When they return in 2024, conventions are likely to be something different altogether, perhaps ending a run that began in 1831 with the Anti-Masonic Party, the first-ever presidential nominating convention in America.

Although they haven’t mattered as a decision-making body for more than six decades, conventions once made decisions that forged the destiny of the republic, more so even than elections in some cases.

One of those instances was in 1840, an election year famously remembered for the supposed “carnival campaign” of William Henry Harrison and his running mate, John Tyler—Tippecanoe and Tyler, Too.

As Richard J. Ellis explains in scrupulous detail in his new history of that campaign, Old Tip vs. the Sly Fox: The 1840 Election and the Making of a Partisan Nation, there was much more to the contest between the challenger Harrison and the incumbent Martin Van Buren than hard cider and log cabins.

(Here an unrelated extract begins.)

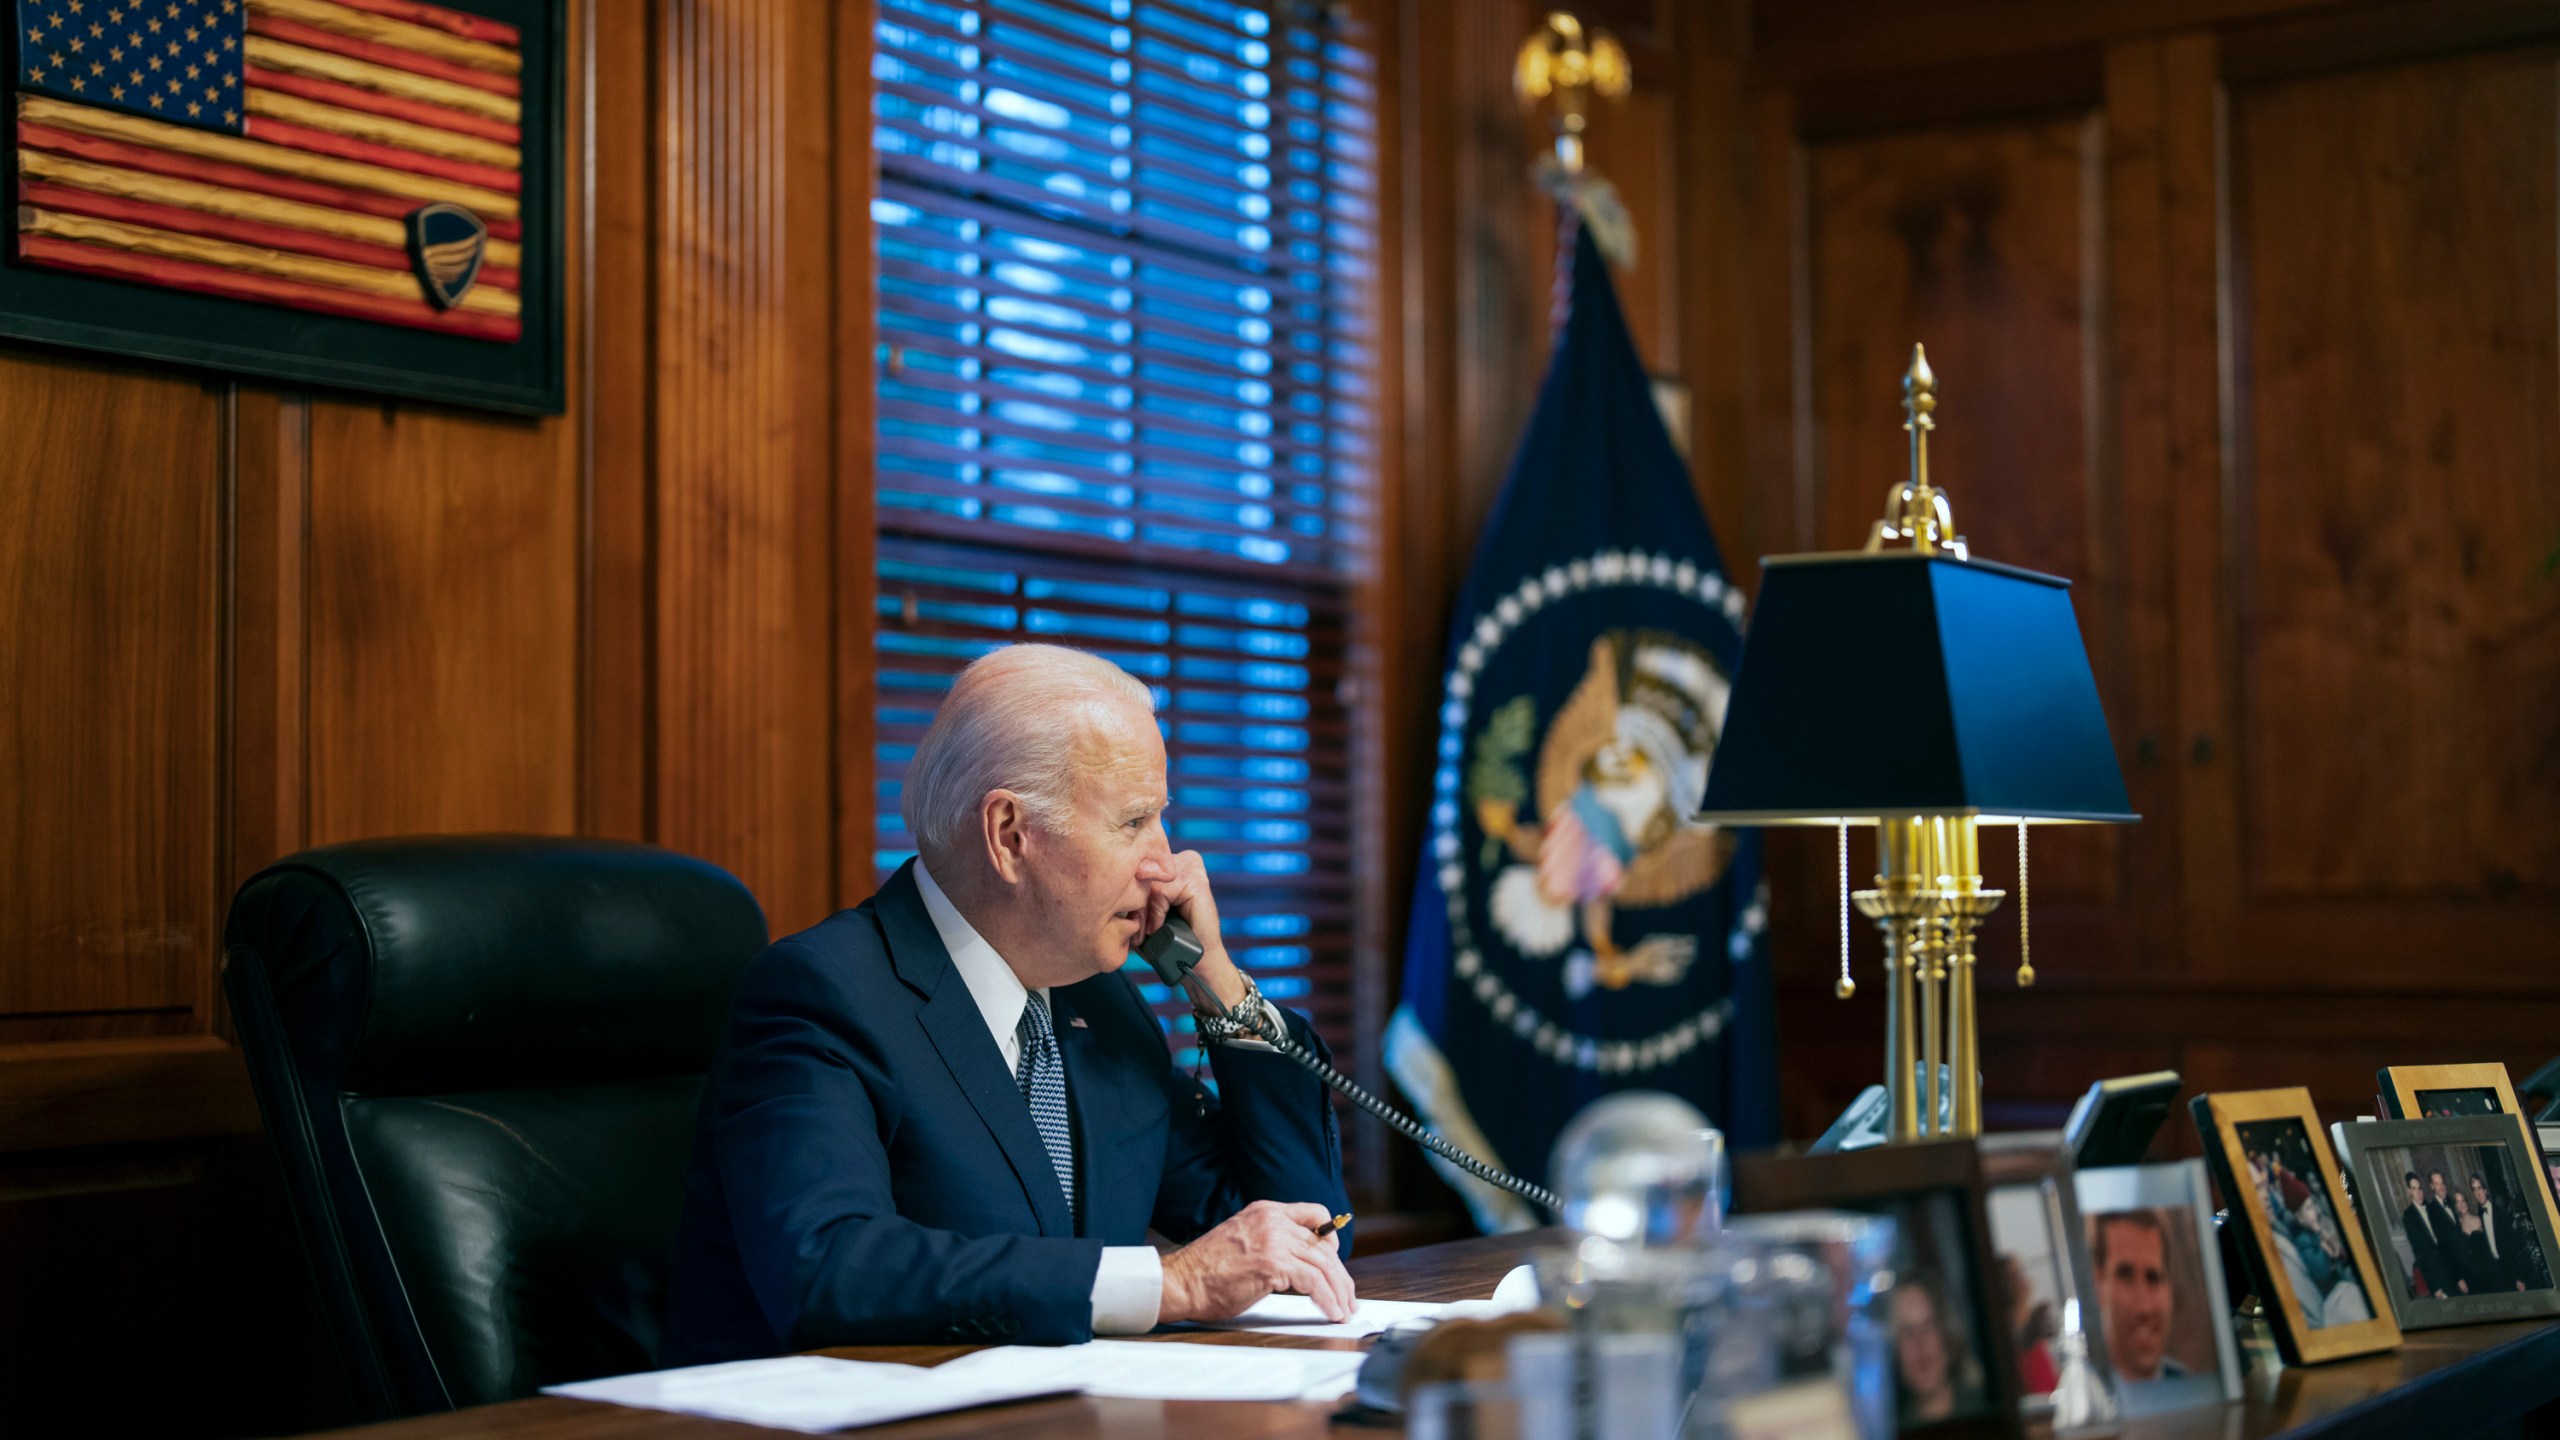 FILE - In this image provided by The White House, President Joe Biden speaks with Russian President Vladimir Putin on the phone from his private residence in Wilmington, Del., Dec. 30, 2021. Biden's sprawling home outside downtown Wilmington, has a special place in his heart. When he met special prosecutor Robert Hur to talk about the sensitive documents he’d improperly kept after his vice presidency, Biden told Hur three times he is a “frustrated architect.” (Adam Schultz/The White House via AP, File)

“So often cast as a cautionary tale of how easy it is to hoodwink the credulous American voter with slick packaging of candidates and crude emotional appeals,” Ellis writes, the Whig victory of 1840 was actually “a story less of deluded voters than of rational ones,” although he qualifies “rational” somewhat.

It’s the Economy, Stupid

Old Tip vs. the Sly Fox is the latest entry in the University Press of Kansas’ presidential election series, which is a national treasure. The best volumes in the series are among the finest campaign histories available—elegantly written, voluminously researched, and richly textured.

Ellis’ volume follows in that tradition.

Another tradition of the series is that the authors are fond of debunking the conventional wisdom. The volume on the election of 1824, The One-Party Presidential Contest: Adams, Jackson, and 1824’s Five-Horse Race by Donald J. Ratcliffe, is particularly notable on that score.

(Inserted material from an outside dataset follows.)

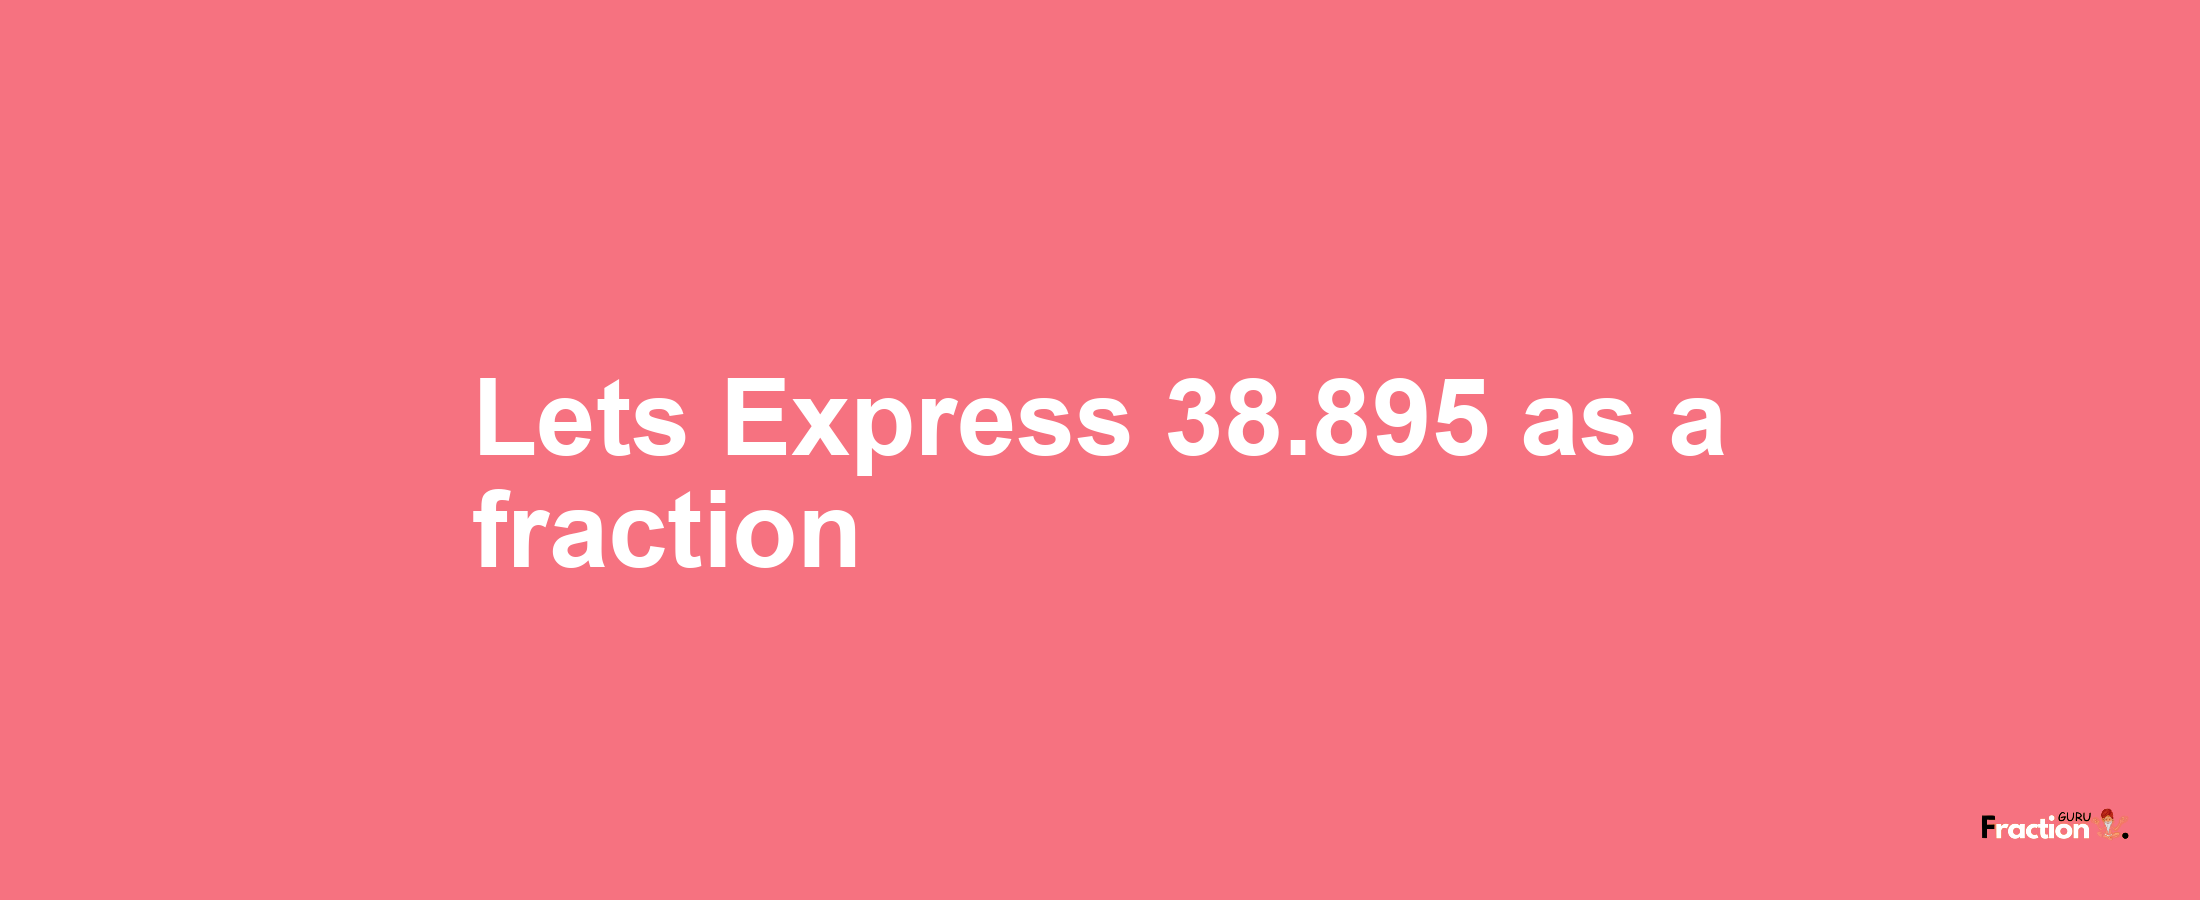 Lets Express 38.895 as afraction

Here again, Ellis not only follows the tradition, he exceeds it.

The beauty of this book and of others in the series is that they fully immerse the reader in the campaign, almost making one feel like a participant. That is also the drawback. Almost nothing else about what was going on in the country is touched on. That might be how participants in campaigns feel, but it is not the experience of voters. The lack of context provides something of a blinkered portrait of the proceedings.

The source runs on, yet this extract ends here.